When Admiral Sir Cloudesley Shovell (1650-1707) married Elizabeth, the widow of Sir John Narborough (1640-1688), in 1691 she was described in Secret Memoirs of the Life of the Honourable Sir Cloudesley Shovell, Anon, which was written in 1708. She appears to be a woman of independent mind and means, who had the self-assurance to marry her late husband’s former protégée and servant. Cloudesley Shovell began his life at sea as John Narborough’s cabin boy. After Cloudesley Shovell’s death(do I need to explain his death or is that written about elsewhere on the website?) she did not remarry and continued to live on at May Place, the estate north of St Paulinus Church Crayford, which Cloudesley Shovell had purchased in 1694, until her death in 1732. Gossip in 1708 associated her with Thomas, Earl of Pembroke. Lady Shovell being told of the gossip replied, in a manner that again shows her forthright character, that she ‘had lately married a daughter to Sir Something Marsham and had given her £15,000 down, and promised £20,000 more at her death, therefore was disabled for marrying men, looking chiefly at the fortune’. ‘Sir Something Marsham’ was Sir Robert Marsham (1685-1724), 5th Baronet and 1st Baron Romney of Mote Park, near Maidstone. Elizabeth Shovell’s daughter married him at the Chapel Royal, Whitehall, on 19th August 1708. He was a man of great fortune and had married a wealthy woman.

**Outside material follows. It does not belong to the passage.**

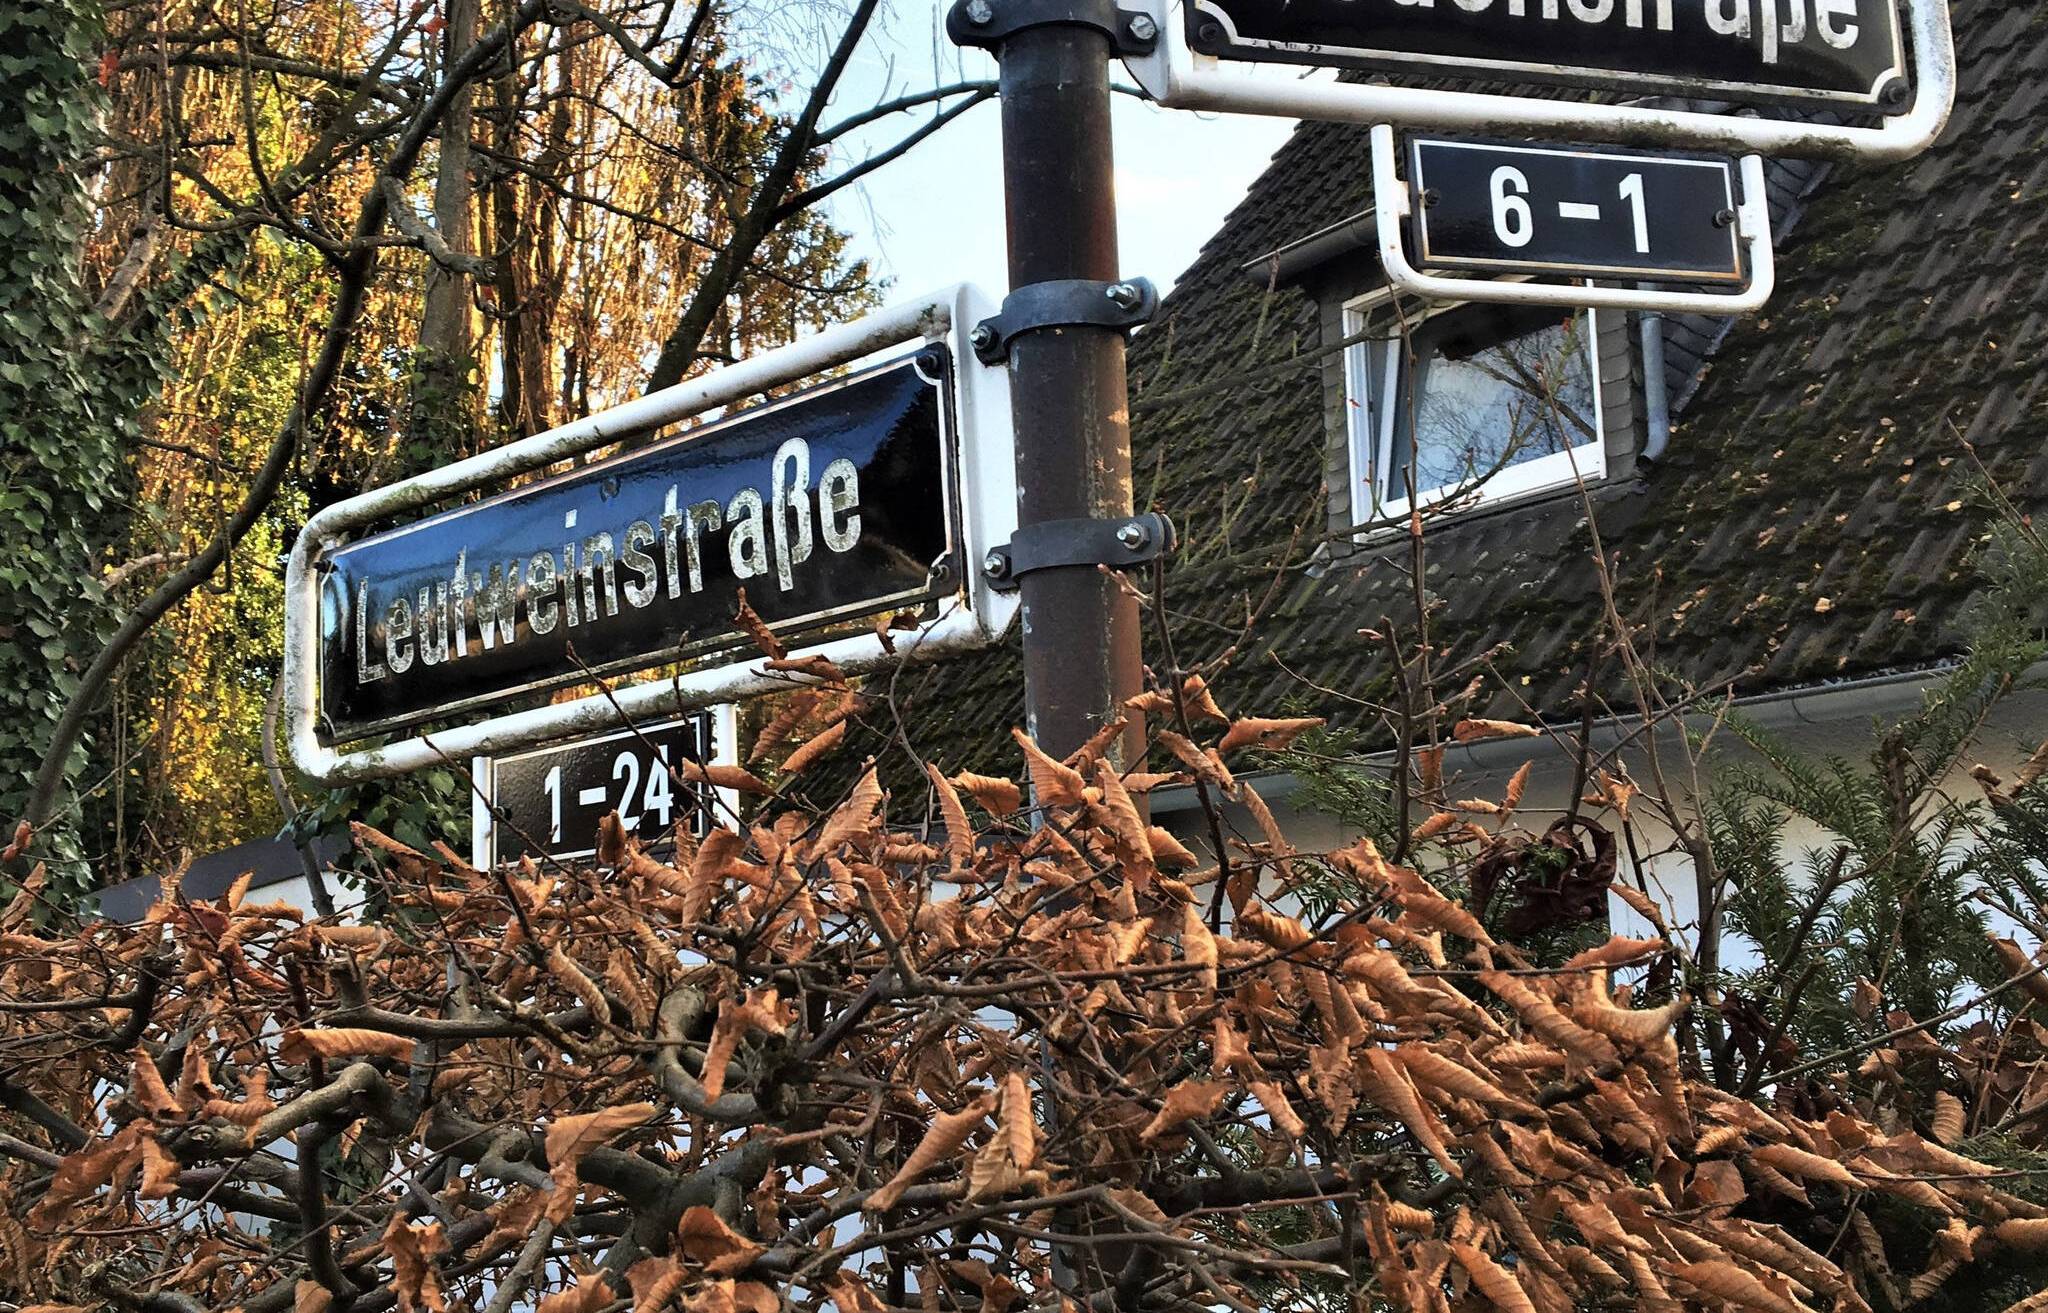  Die Umbenennung historisch belasteter Straßennamen ist vom Stadtrat auf den Weg gebracht - aus der Leutweinstraße in Urdenbach wird etwa der Auenblick. Foto: Archiv

Lady Elizabeth Shovell’s wealth came from her father, Captain John Hill, Commissioner of the Navy. When she married John Narborough in 1681, Elizabeth’s dowry was sufficient to purchase Knowlton Court, near Deal in Kent, one of Narborough’s four manors in Kent. From her father, who died in 1706, she inherited almost £100,000, an enormous sum of money in the early 18th century. As the wife of seafaring men, who spent years away from home with minimal communication available, she would have had considerable involvement in supervising financial arrangements, and the management of their Kent estates and their London homes. In the legal documents in the Marsham-Townshend archives at Bromley Local Studies, her signature appears as frequently as Cloudesley Shovell’s signature. Click here to see more on these legal documents.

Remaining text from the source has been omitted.